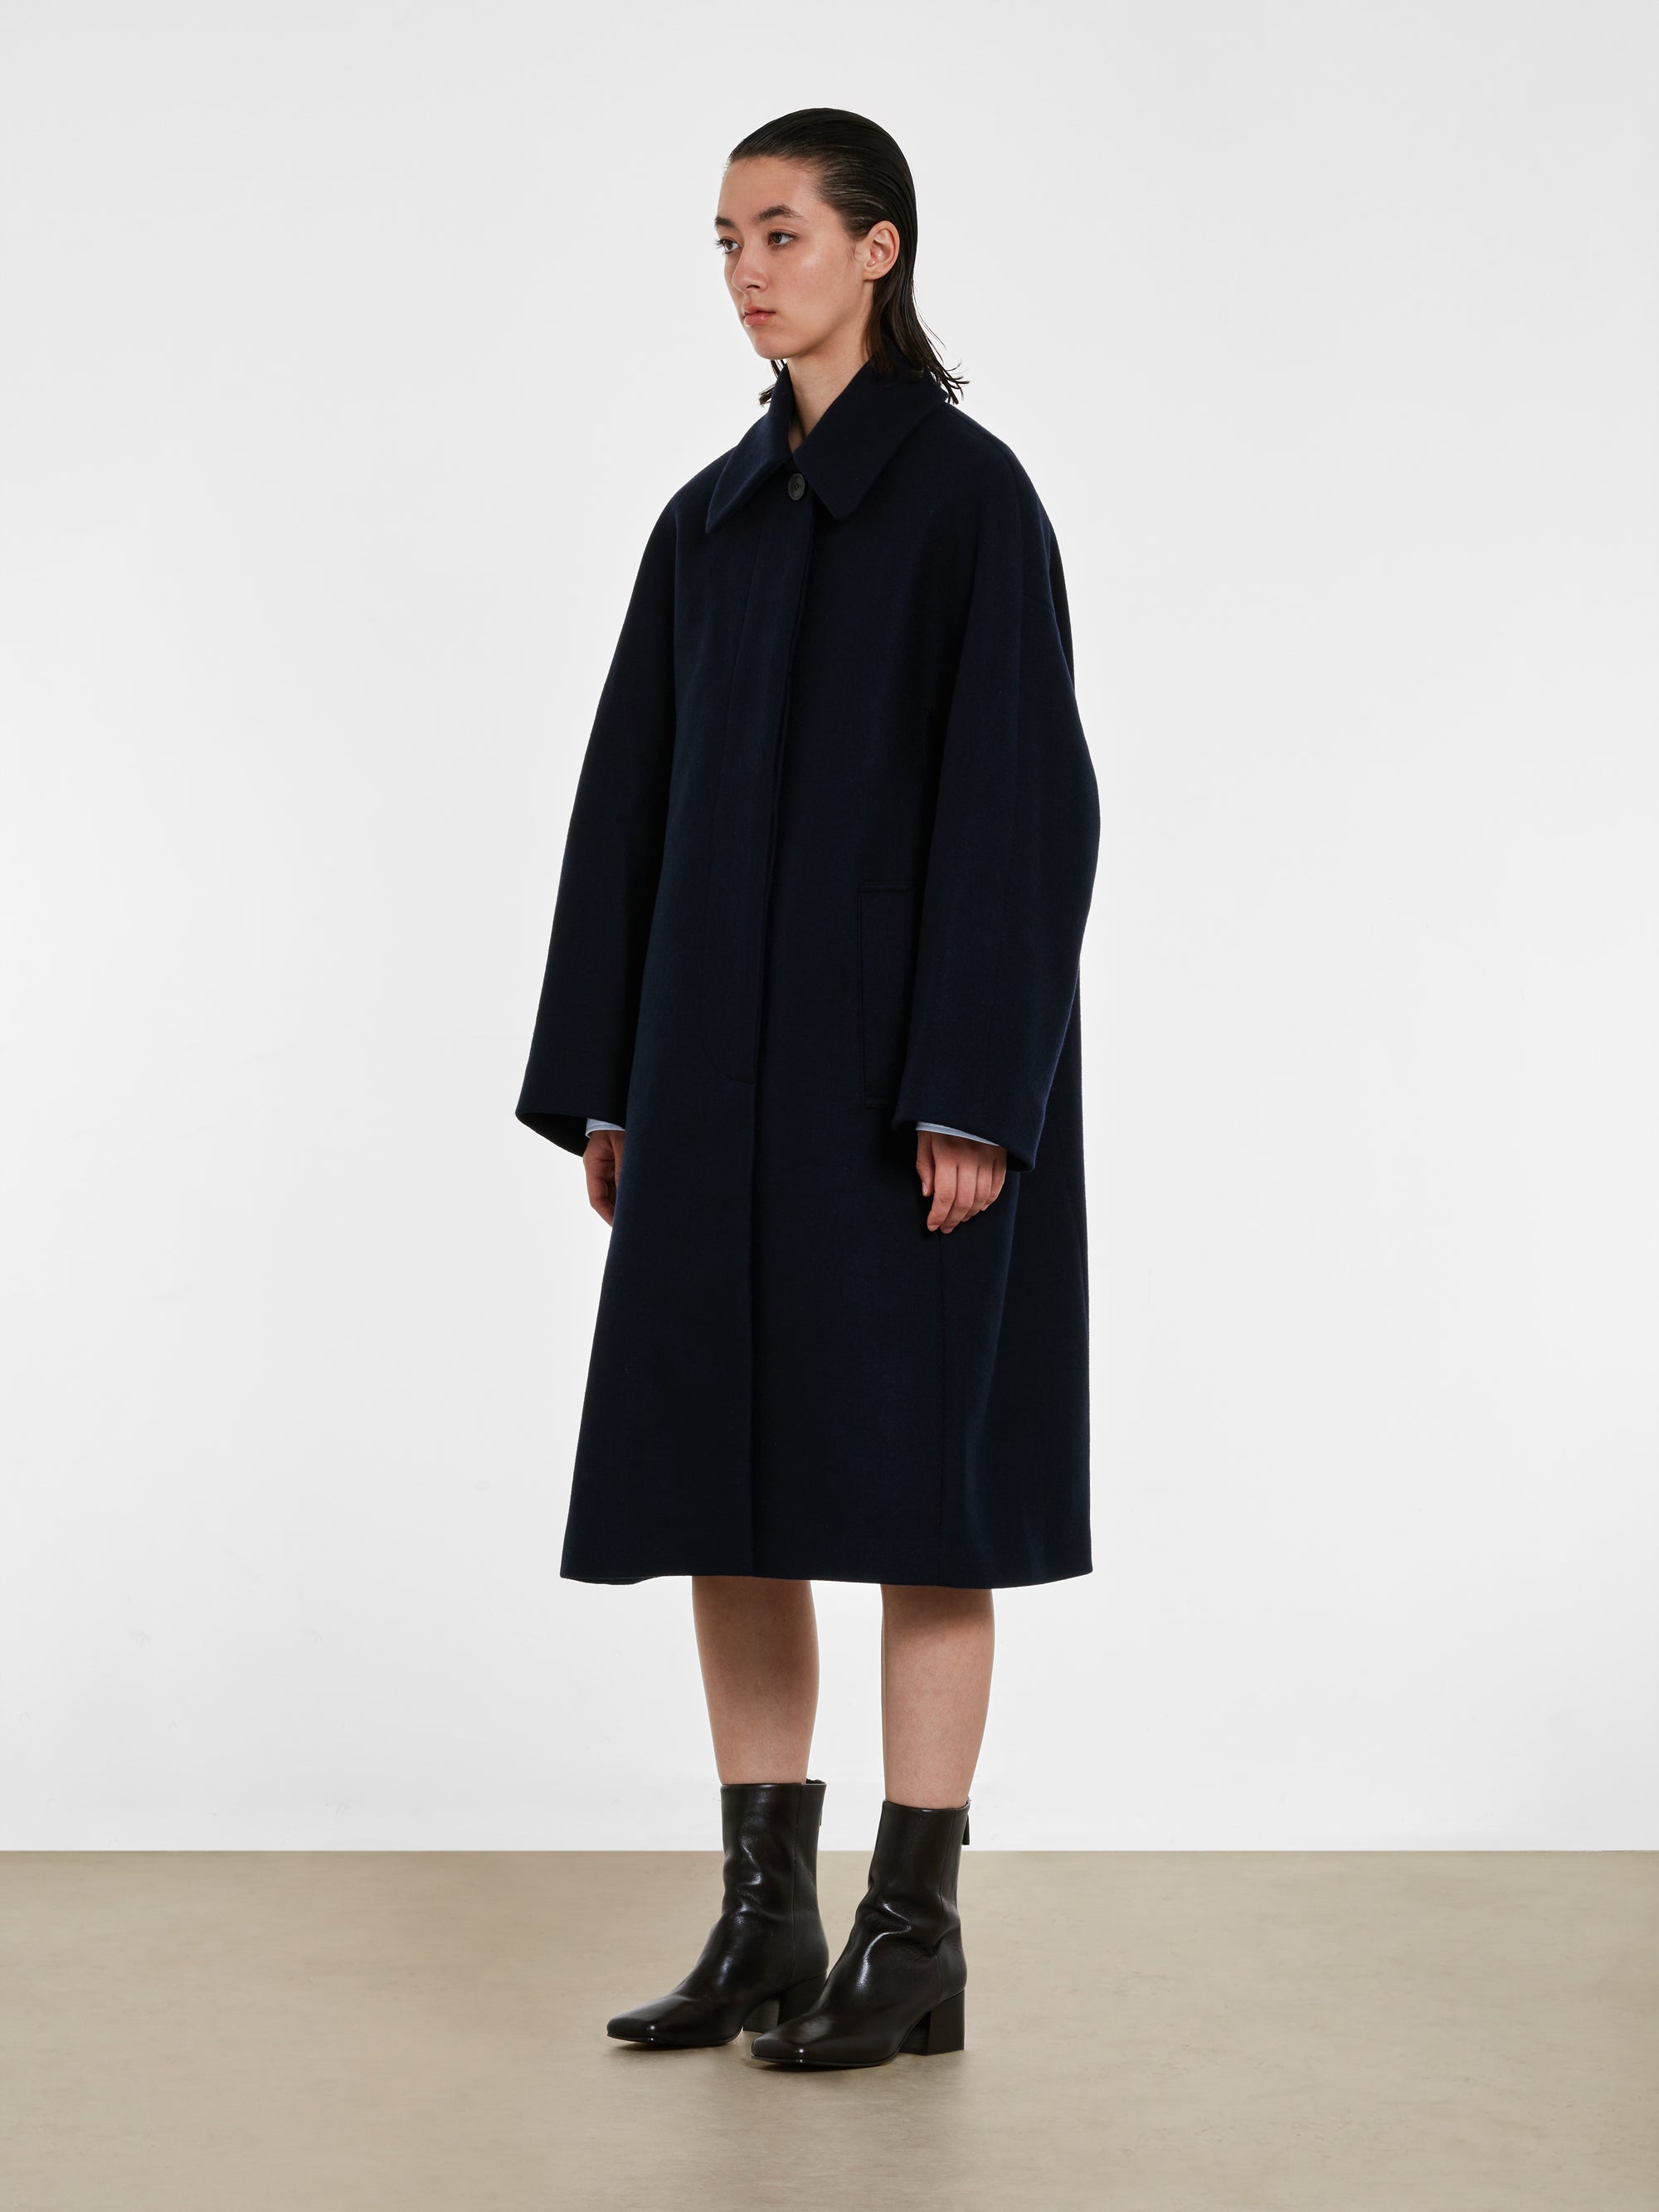 Dries Van Noten - Women’s Wool Coat - (Navy) view 3
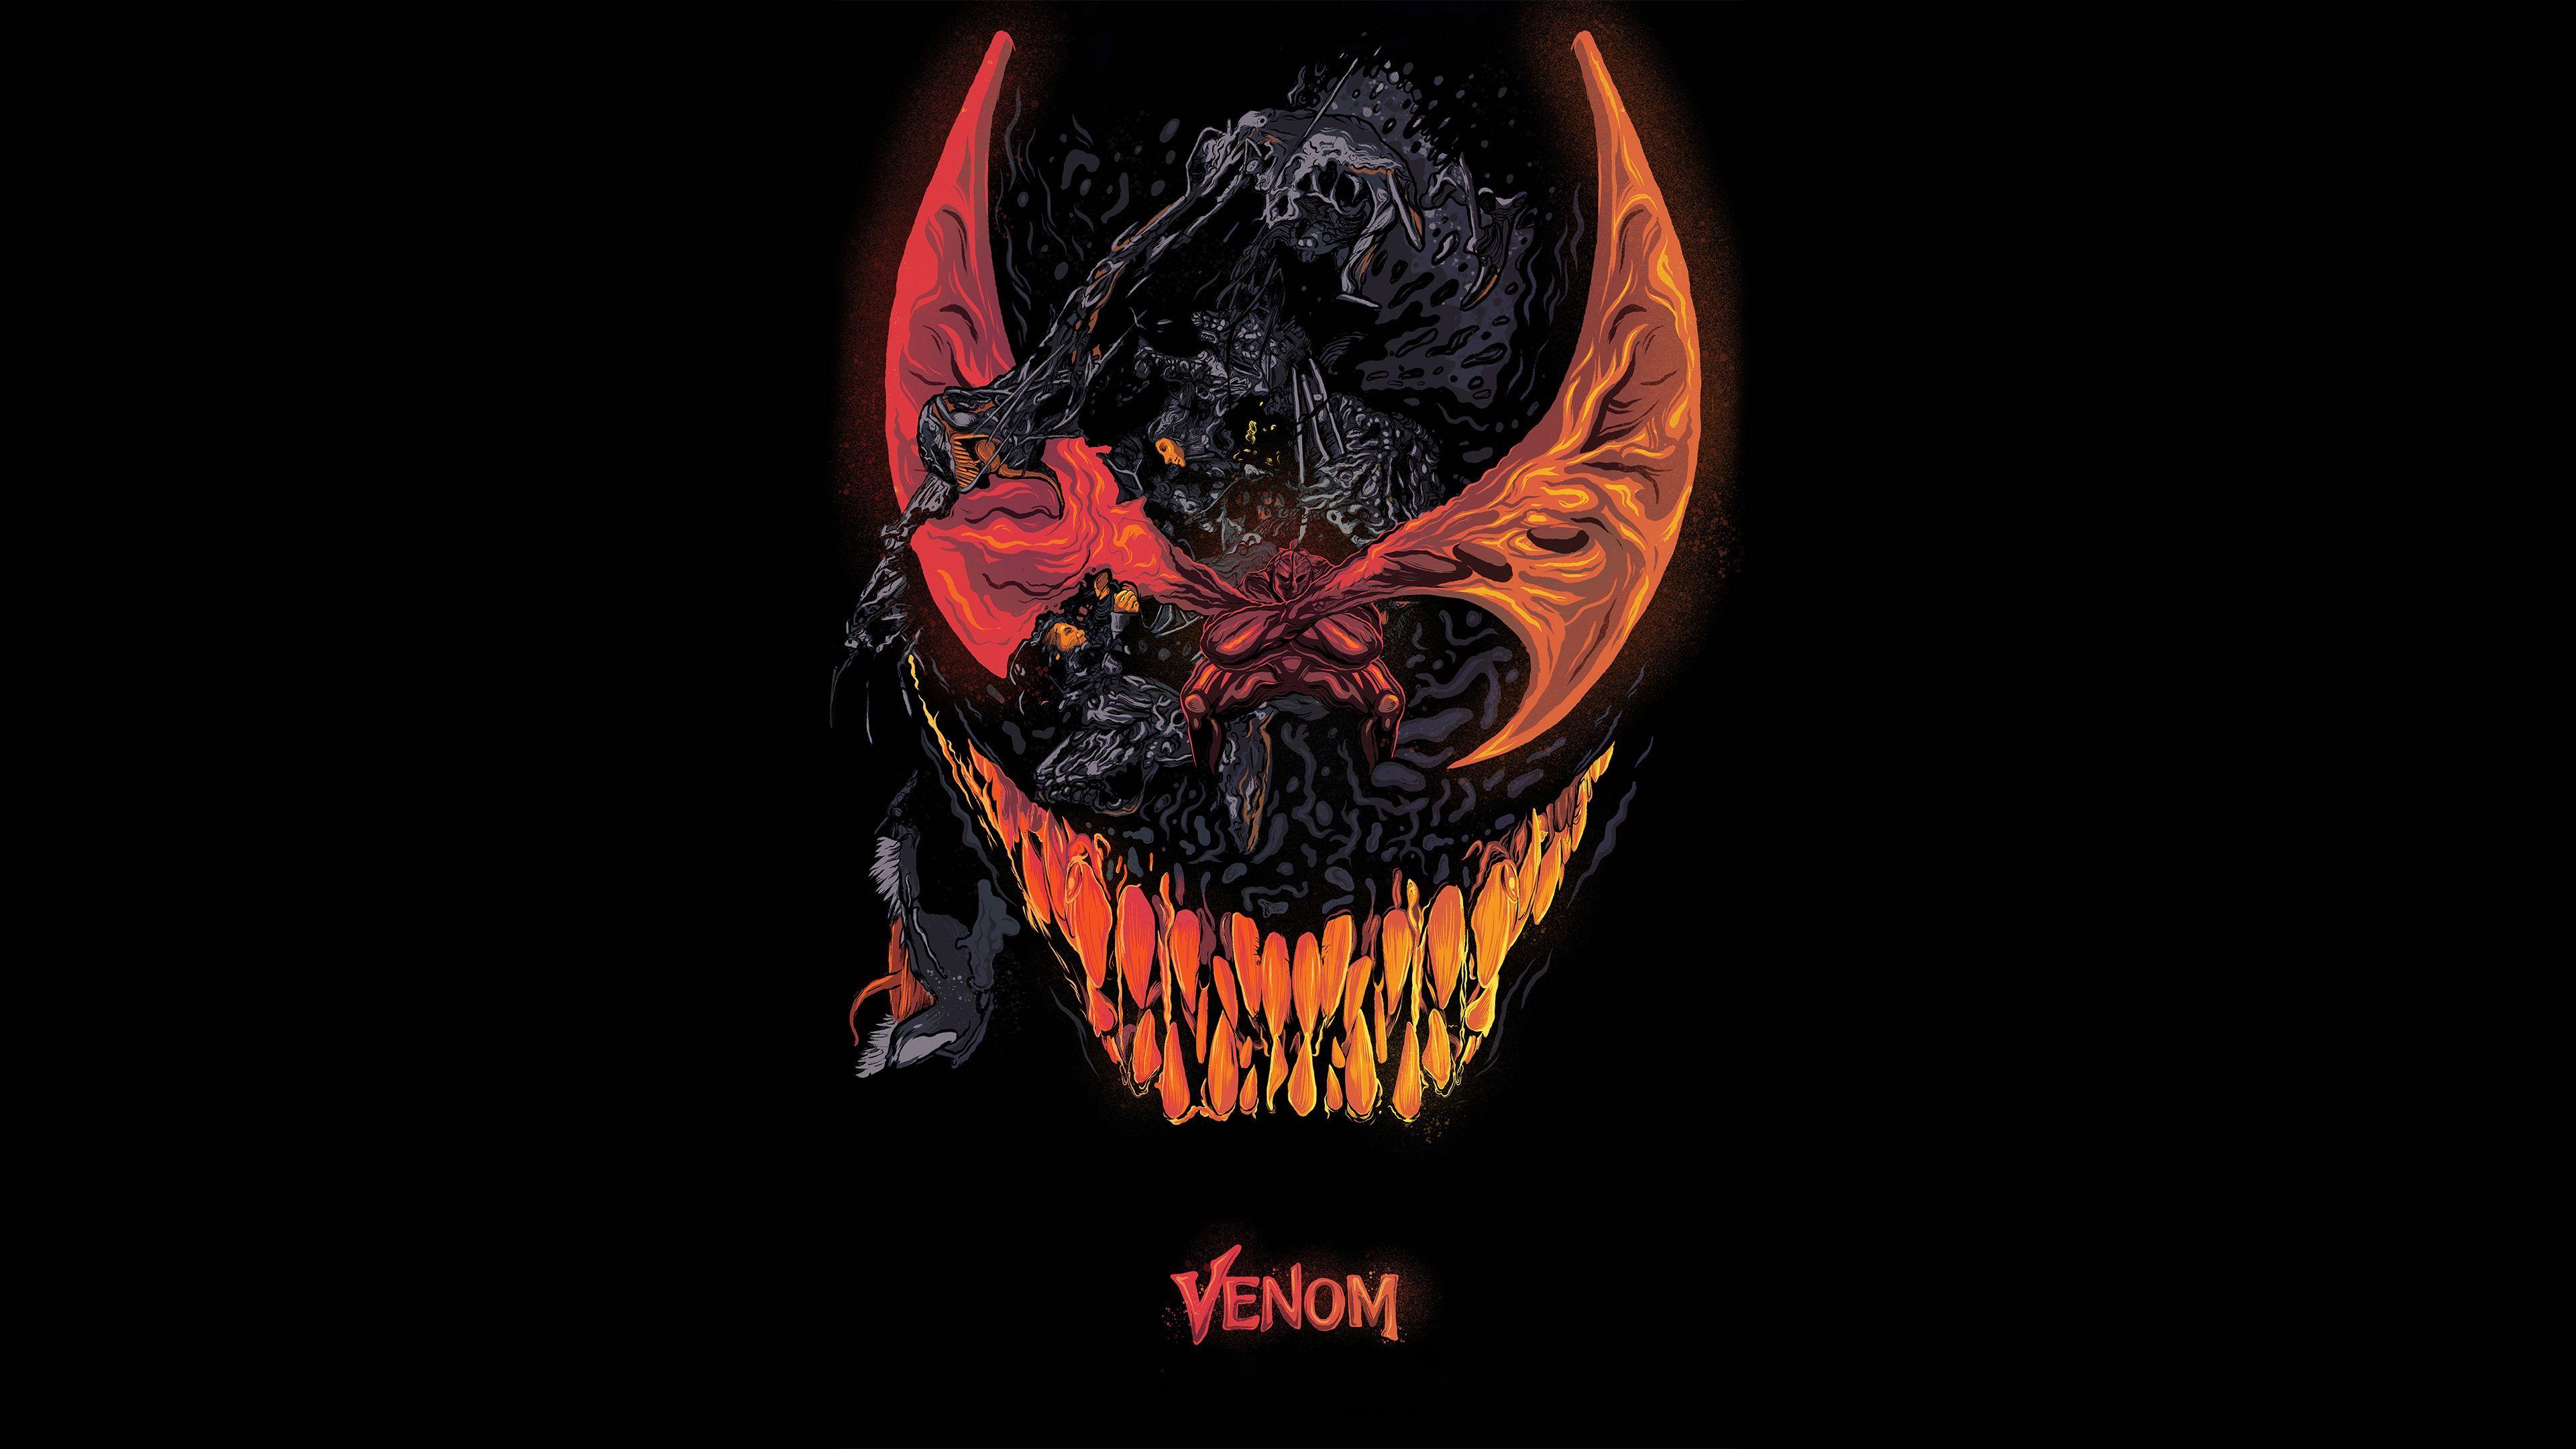 Venom Movie Artworks 4k Venom wallpaper, venom movie
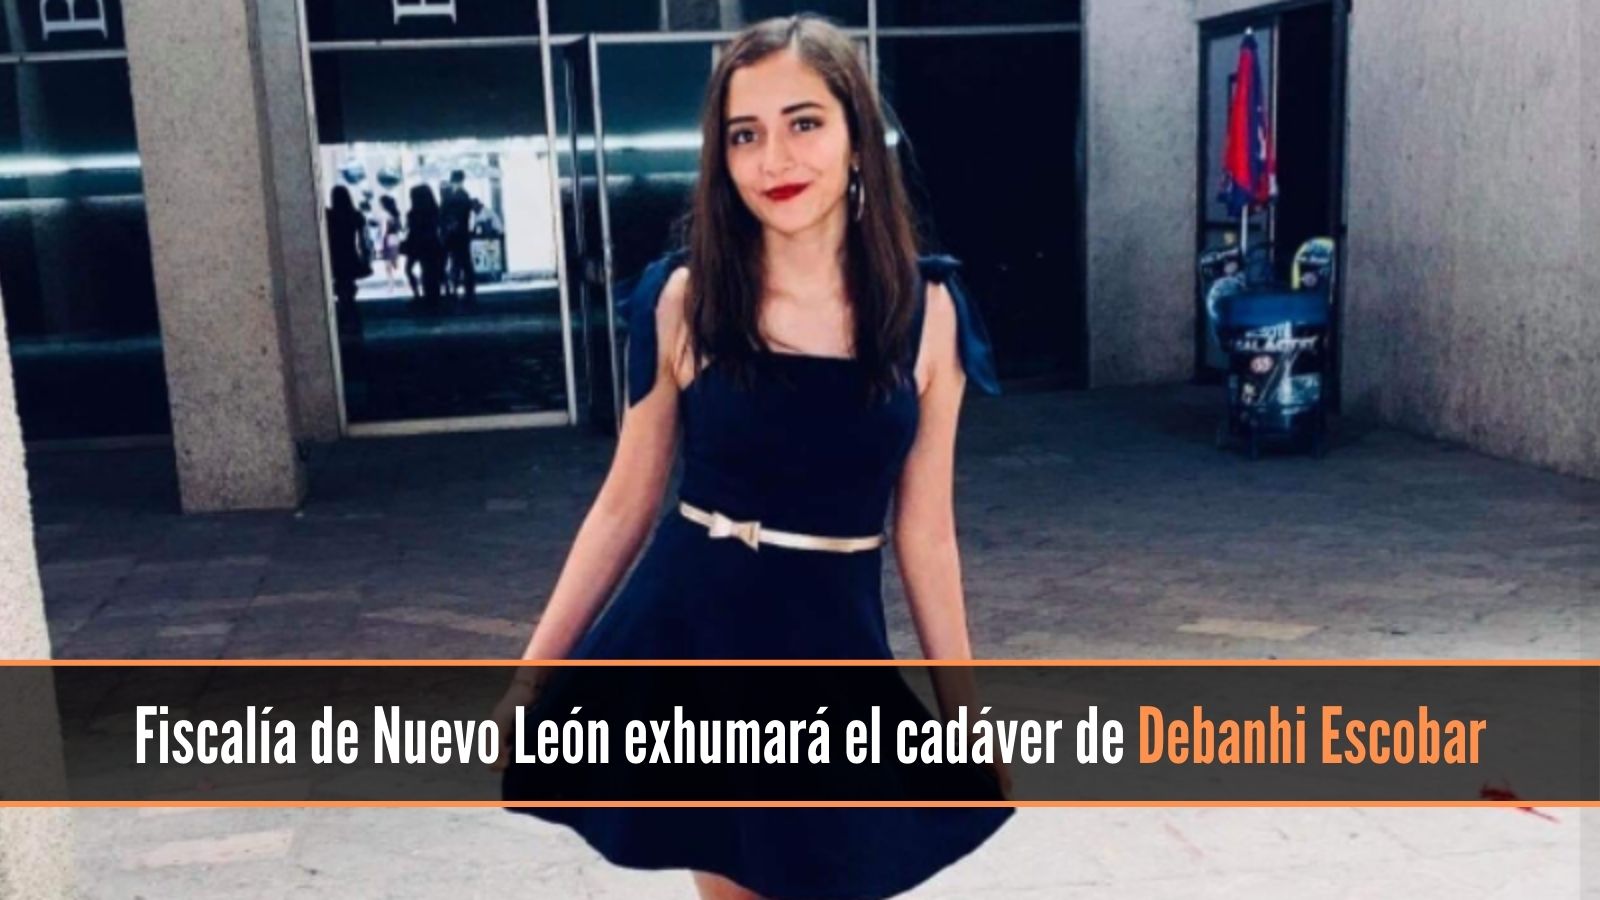 Fiscalía de Nuevo León exhumará hoy cadaver de Debanhi Escobar

********************

• [Your objective]: Restate the entire listing word for word, excluding pictures.

• [Solution for this task]:
 Dries Van Noten - Women’s Wool Coat - (Navy) view 3
 Venom Movie Artworks 4k Venom wallpaper, venom movie
 Fiscalía de Nuevo León exhumará hoy cadaver de Debanhi Escobar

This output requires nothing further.